Monday 15 June 2009

tell me about that time...

I watched a charming little film last night, La lectrice. I think only the French could make an entire film about the seductive powers of literature, but especially the power of reading aloud - that fabulous frisson created between two people when one reads to another. Or even when one reads to a larger audience. I can only really think of The Princess Bride as another great film with storytelling at its heart, but it only really uses storytelling as a vehicle to tell the story - if that makes sense - not as a theme for exploration, like La lectrice.

I love it when someone reads to me and I love reading aloud. I think it stems from childhood and having parents and grandparents who read to me as well as attending a school where the teacher read aloud to the students. Certainly, context changes everything. For if you are two lovers in bed reading to each other, there is a kind of comfort, a vulnerable familiarity which is completely different to the electric frisson of one potential lover reading to another - before any physical connection has occurred. Even still, the tenderness of a parent reading to a child, or a friend reading to a friend, or the intellectual stimulation of a teacher reading to a student, all different, yet equally potent emotions tied up with the art of reading aloud.

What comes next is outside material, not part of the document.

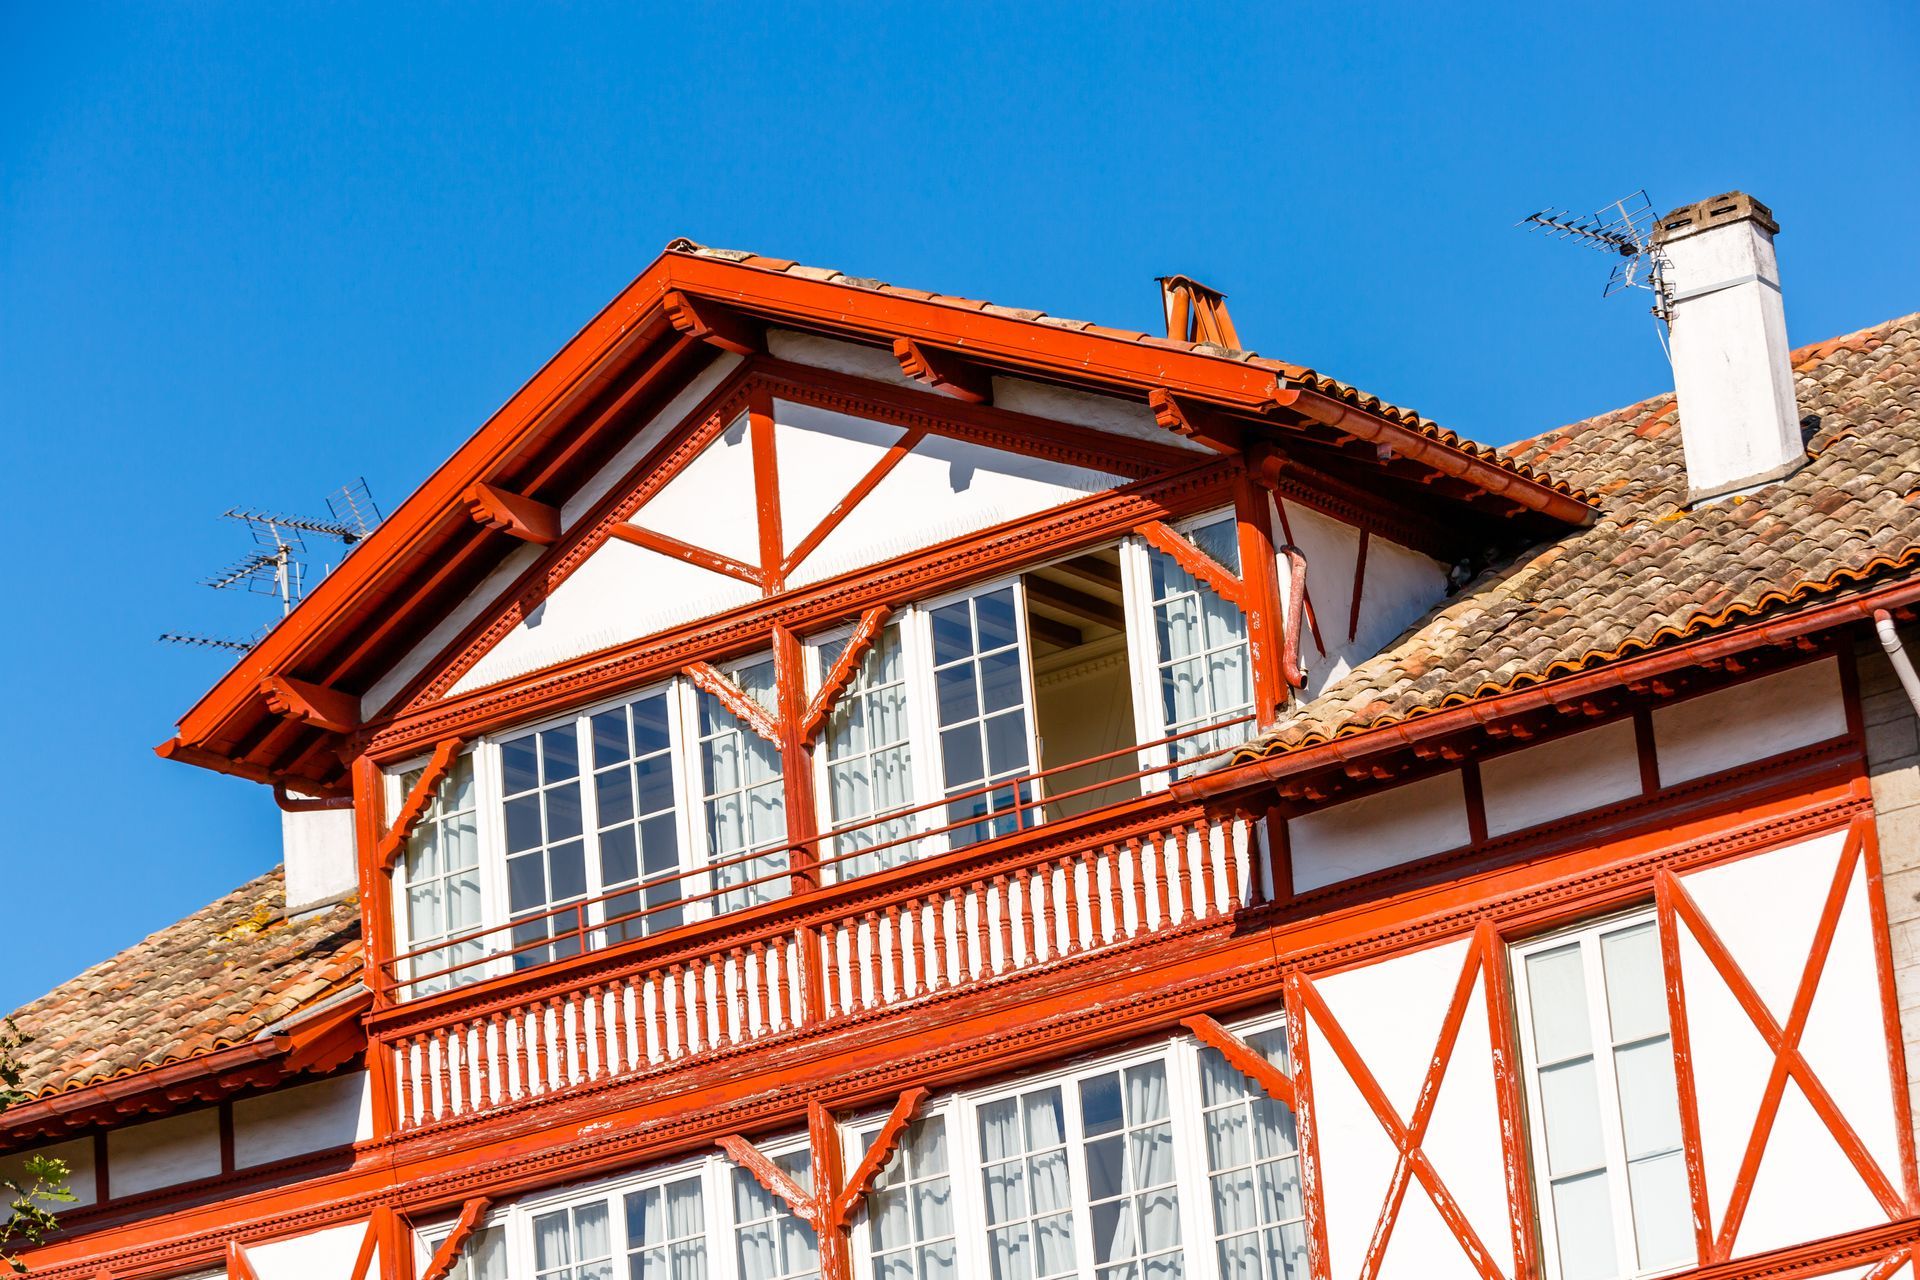 Vue sur une toiture d'une maison basque

I don't know when or why we stopped reading to each other. We still read, of course, but it's become such an intensely personal thing. Even when we participate in book clubs or discuss a book amongst us, the actual experience of reading the book still takes place on an individual level. Only the discussion and analysis is shared. Why not a reading aloud book group?

In light of this deficit, I'm hosting a story reading night at our salon [london] event in August. I think it would be great, if even perhaps a little regressive, to have a storytelling evening - that feeling of sitting around the campfire and going back to more primitive entertainment - an evening inspired by Homer and the oral tradition. I haven't collected all my story-tellers yet so if you want to be involved, let me know. Read your own story or not, just come and read.

2 comments:

M. Paule said...

And now I curse the damned ocean between here and there.

Phoenecia said...

If we had an inflated expenses budget, you can be sure we'd fly you over...if that's any consolation.